Sissi n’existe pas : dès l’ouverture, Laurène Vernet pose un principe de démystification et l’érige en fil conducteur. Elle attaque d’emblée le nom, le surnom, puis l’imagerie : « Elle n’est qu’une projection. » À paraître le 22 avril.
Le triptyque cinématographique des années 1950, regardé « chaque Noël », sert de matrice à une figure édulcorée, « plaisante, divertissante, mais fausse » — et, surtout, à une occultation : « Sa vie y est romantisée et sa très grave fragilité psychologique gommée. » L’ouvrage construit ainsi sa thèse principale : la « princesse » relève d’un dispositif culturel qui masque une femme, ses symptômes, ses colères et ses contradictions, au profit d’un conte lumineux qui inverse la couleur d’une existence décrite comme noire.
Cette entreprise de démontage passe par une question d’identité. Le texte insiste sur la violence symbolique du surnom : « Sissi n’est qu’un surnom. Une réduction. L’amputation d’une partie d’elle-même. »À ce premier recadrage s’ajoute un second, décisif : le « vrai » diminutif s’écrit « Sisi » (un seul “s“), puis l’autographe final retient « Erzsébet », « sa véritable identité ».
En quelques pages, l’enjeu se déplace : l’icône cesse d’être un personnage familier ; elle redevient un sujet historique dont le nom cristallise des appartenances (allemand, hongrois) et des stratégies d’existence.

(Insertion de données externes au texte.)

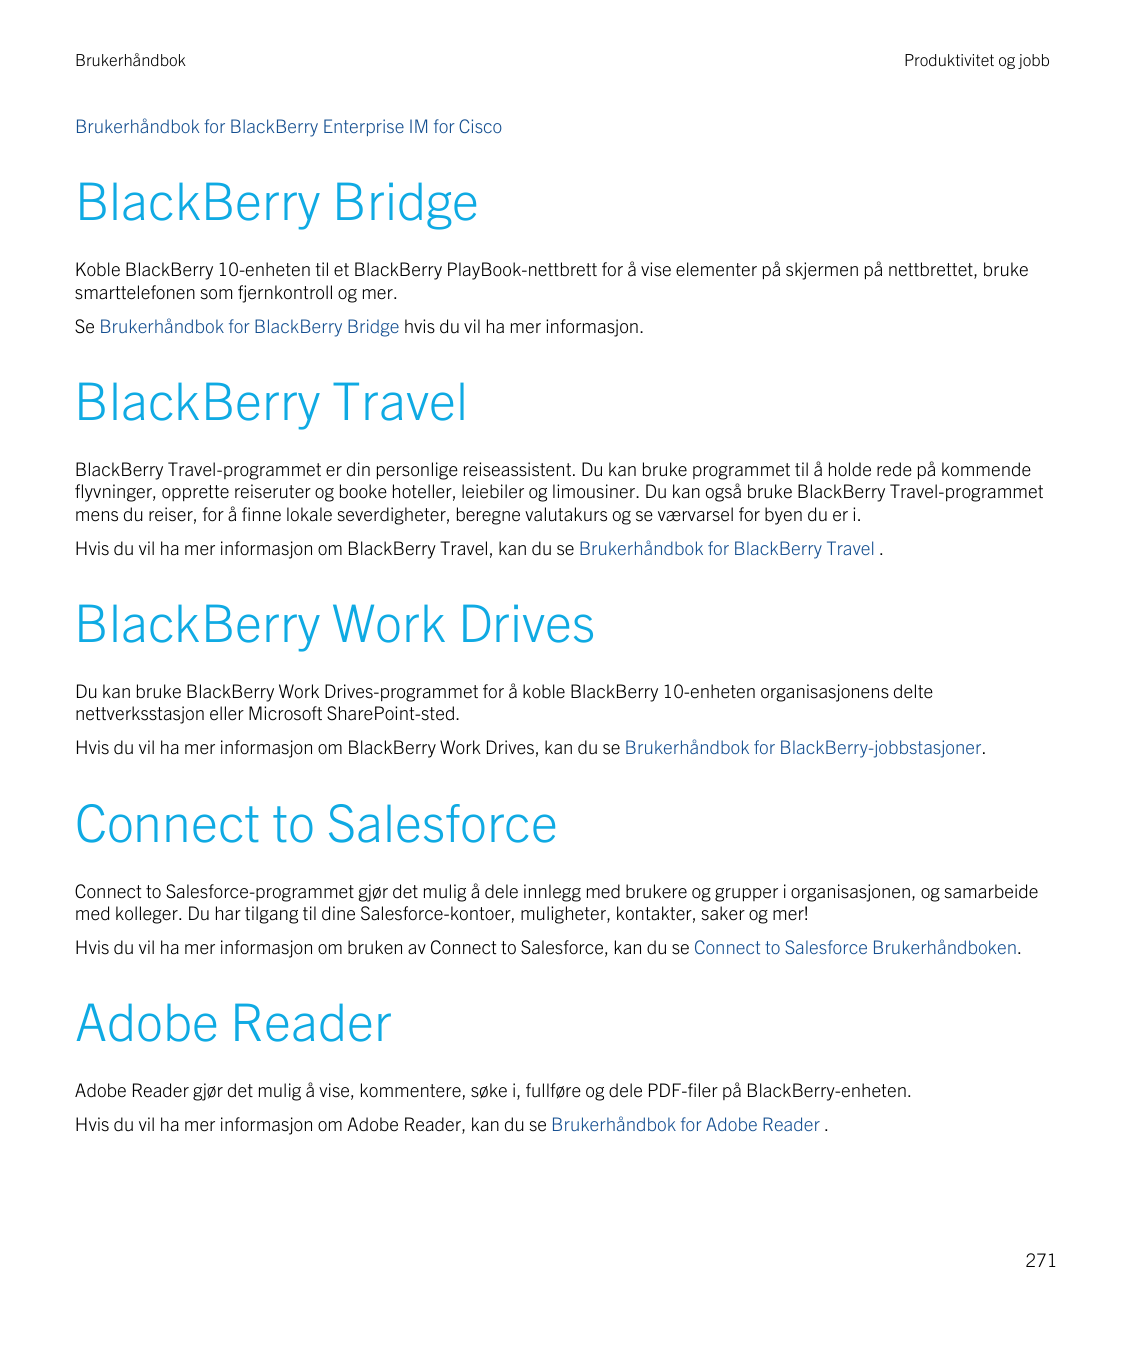 BrukerhåndbokProduktivitet og jobbBrukerhåndbok for BlackBerry Enterprise IM for CiscoBlackBerry BridgeKoble BlackBerry 10-enhet

La méthode combine récit biographique et lecture psychologique. Vernet attribue explicitement à Élisabeth des troubles précis : « névrose phobique obsessionnelle », « anorexie » et « profondes crises de dépression ». La démonstration dépasse le constat : elle décrit des scènes où le corps se transforme en champ de bataille, entre contrôle, dénutrition et terreur de l’altération.
Une séquence de toilette et de coiffure expose un régime disciplinaire chiffré : bain glacé « à une température de sept degrés », pesée « cinquante kilos pour un mètre soixante-douze », tour de taille « cinquante centimètres », consignés dans « son petit carnet bleu ». La narration, très incarnée, lie ces mesures à une logique d’emprise : « Son corps est son sanctuaire et son bourreau. Elle exerce sur lui le contrôle qu’elle n’a pas sur sa vie. »
Le protocole, dans ce schéma, devient une machine à fabriquer l’étouffement. Les règles d’horaires, de couleurs, d’usage et de répétition des toilettes, surveillées et consignées, dessinent une cour panoptique : « Jamais seule » ; « Deux cent vingt-neuf dames de qualité appartenant aux vingt-trois familles les plus prestigieuses de l’Empire » circulent et observent.
L’hostilité se lit aussi dans la langue, avec des formules administratives retournées en armes. Quand Élisabeth tranche, le texte note une phrase sèche, performative : « Cette règle est désormais sans objet. » L’épisode installe un motif récurrent : l’impératrice cherche des brèches, parfois minuscules, pour reprendre prise sur une existence encadrée.
La fuite, chez Vernet, ne relève pas d’un exotisme romantique : elle prend la forme d’une nécessité physiologique. Une scène de sortie à Vienne superpose l’architecture et l’angoisse : « Cinquante-quatre escaliers. Vingt-six corridors. » Le comptage organise une progression anxieuse, puis une respiration hors du palais. L’autrice met en scène l’oscillation entre crise et soulagement, au point d’en faire une dramaturgie de la survie.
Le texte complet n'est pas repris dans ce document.